▶ [Required work]: Only the pictures are to be dropped; the rest of the data below is to be duplicated exactly.

▶ [Stored data]:
══════════
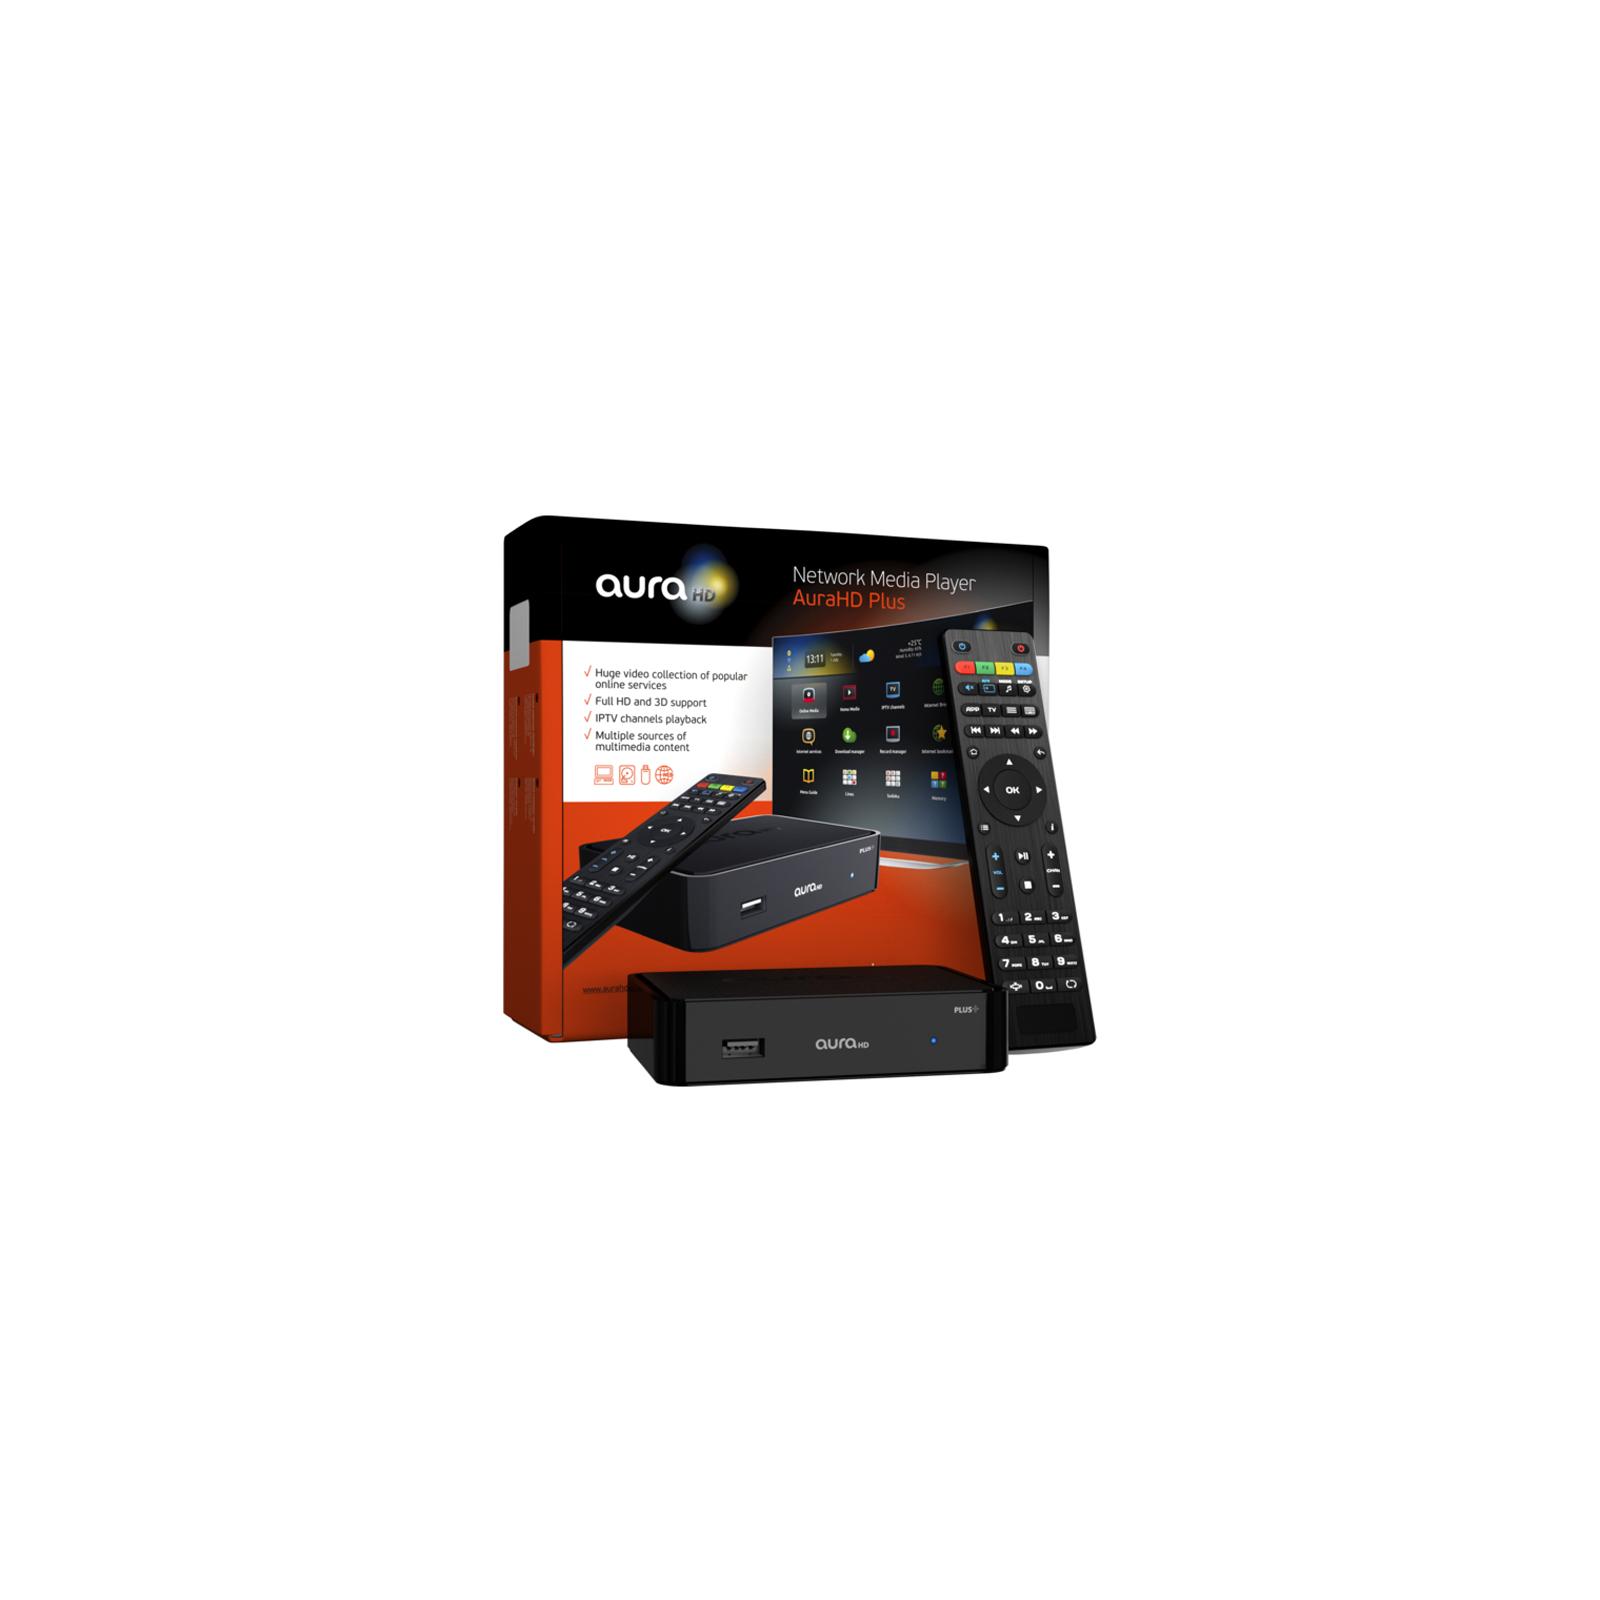 Медиаплеер Aura HD Plus WiFi T2 (Aura HD Plus WiFi T2) изображение 6
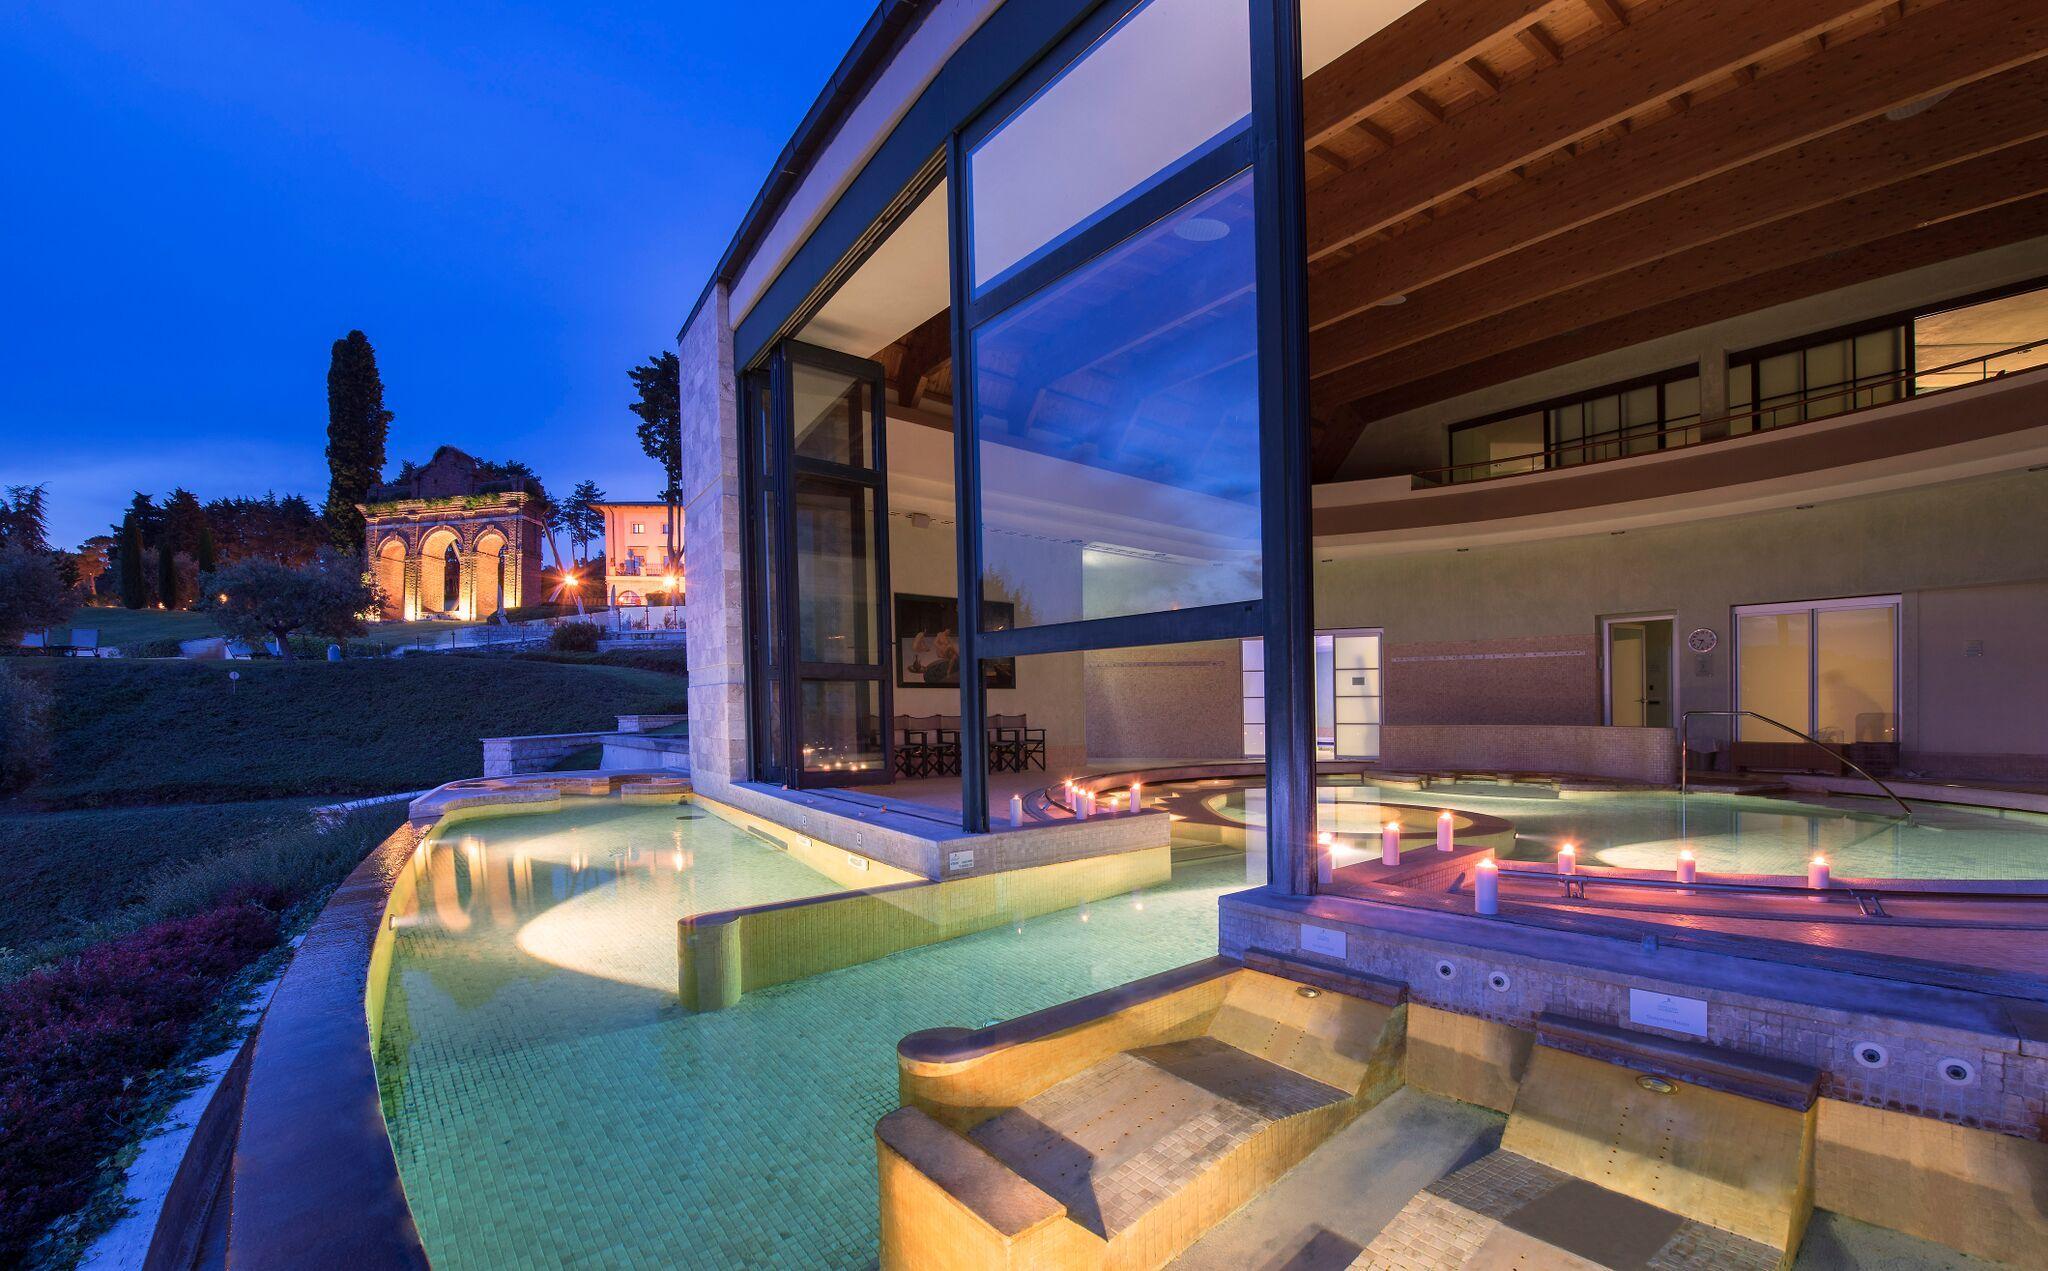 Fonteverde Terme  U0026 Hotel  San Casciano Dei Bagni
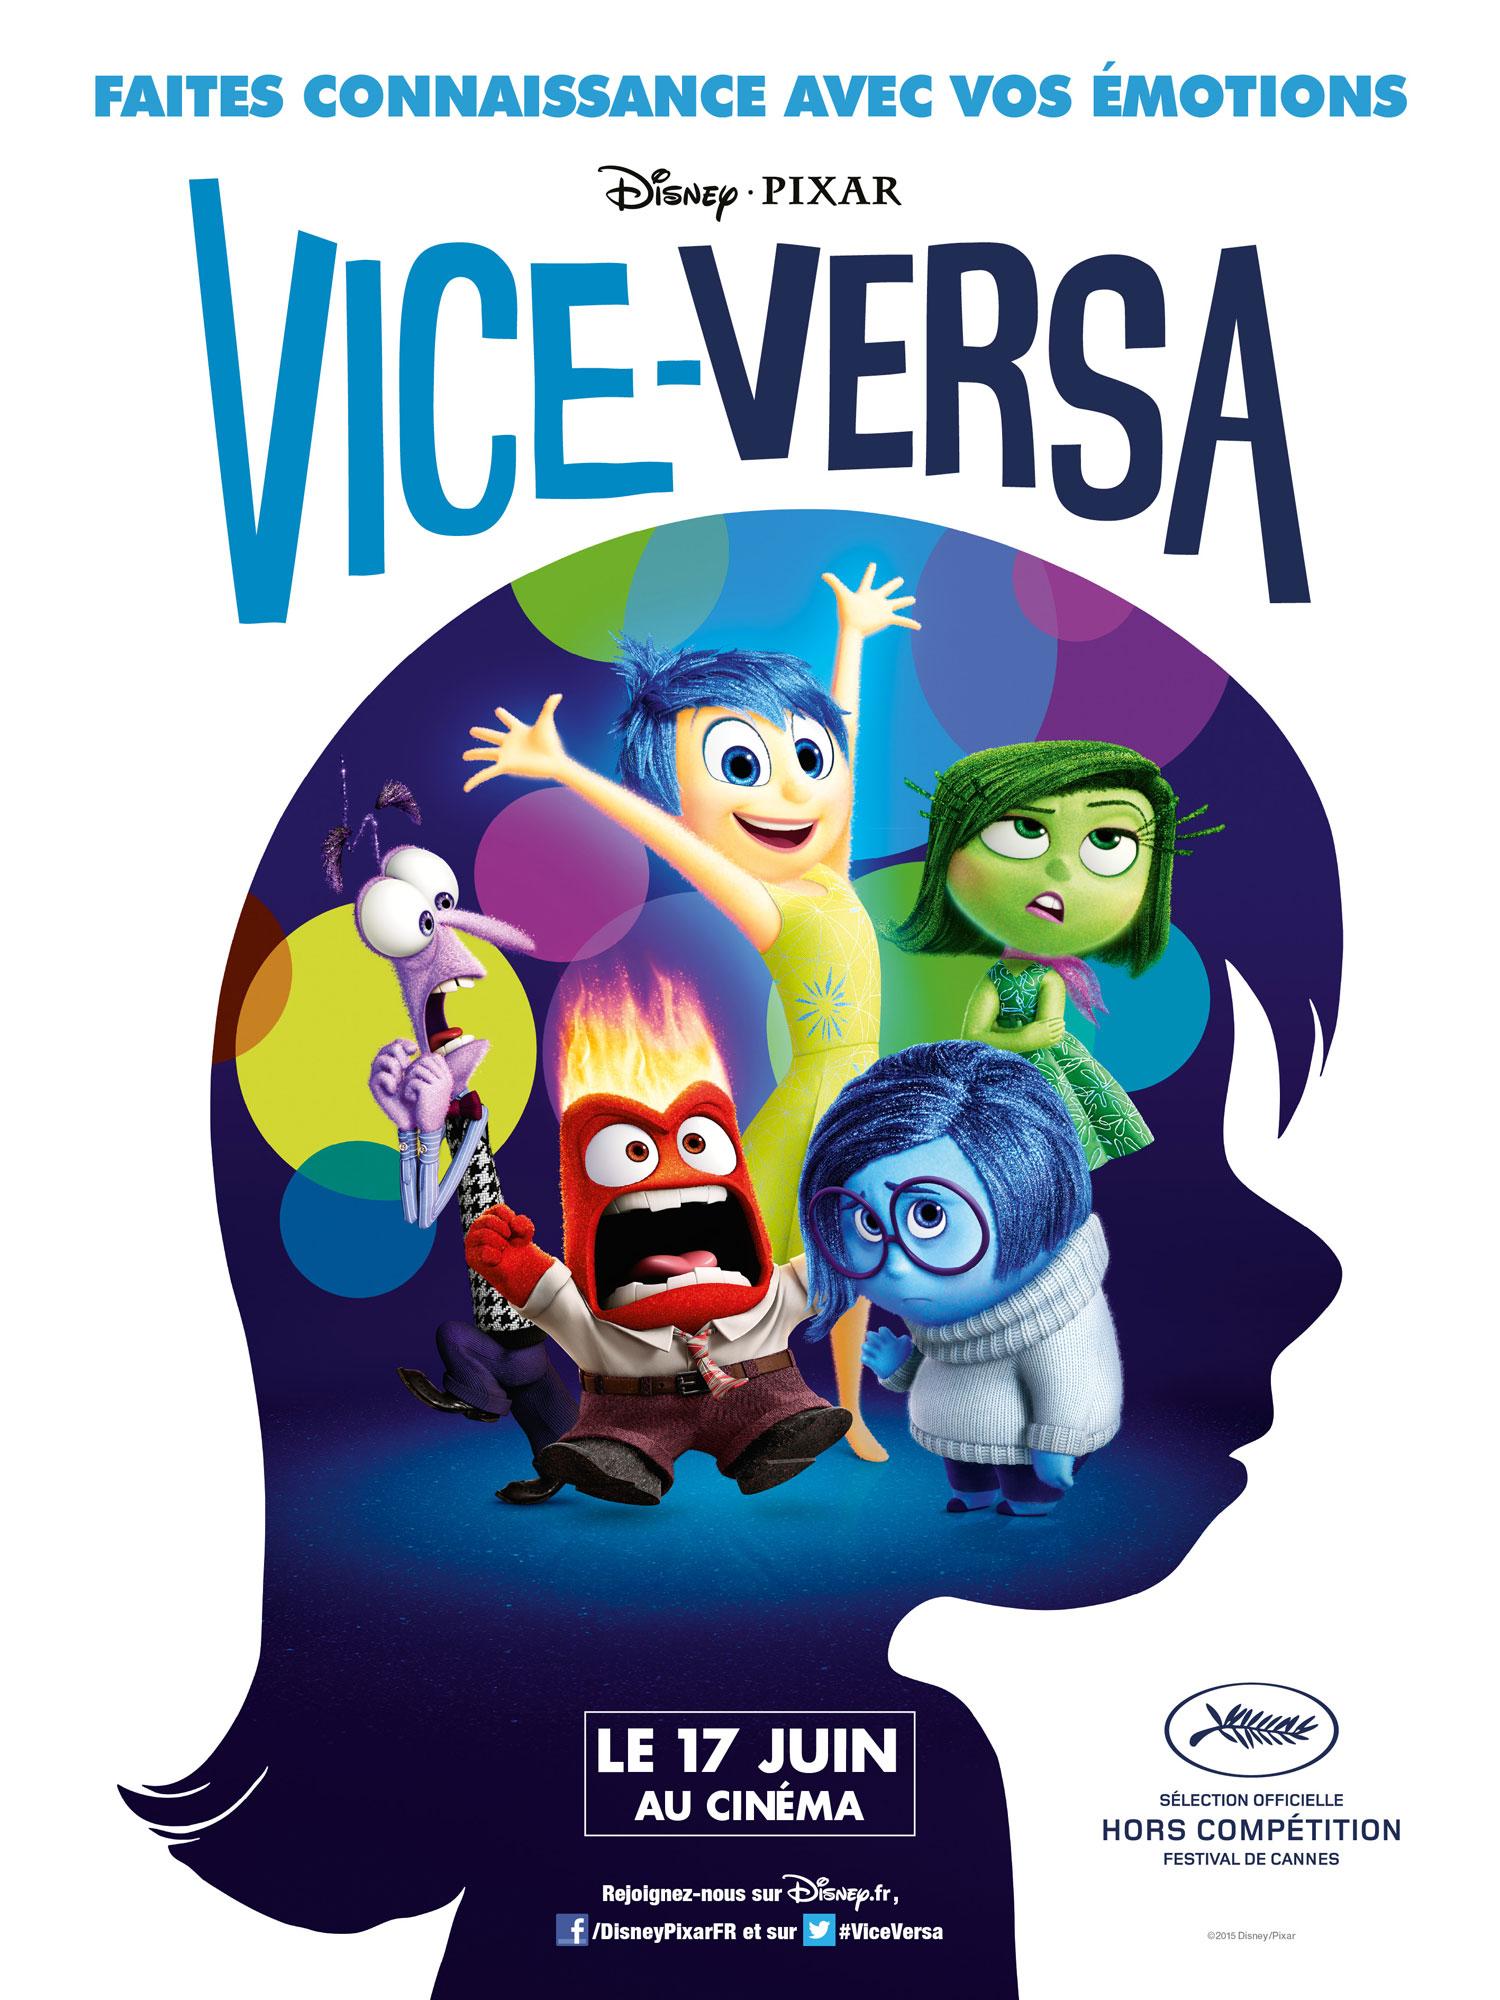 pixar disney affiche poster vice versa inside outpixar disney affiche poster vice versa inside out
══════════
▶ [Result]:
 Медиаплеер Aura HD Plus WiFi T2 (Aura HD Plus WiFi T2) изображение 6
 Fonteverde Terme  U0026 Hotel  San Casciano Dei Bagni
 pixar disney affiche poster vice versa inside outpixar disney affiche poster vice versa inside out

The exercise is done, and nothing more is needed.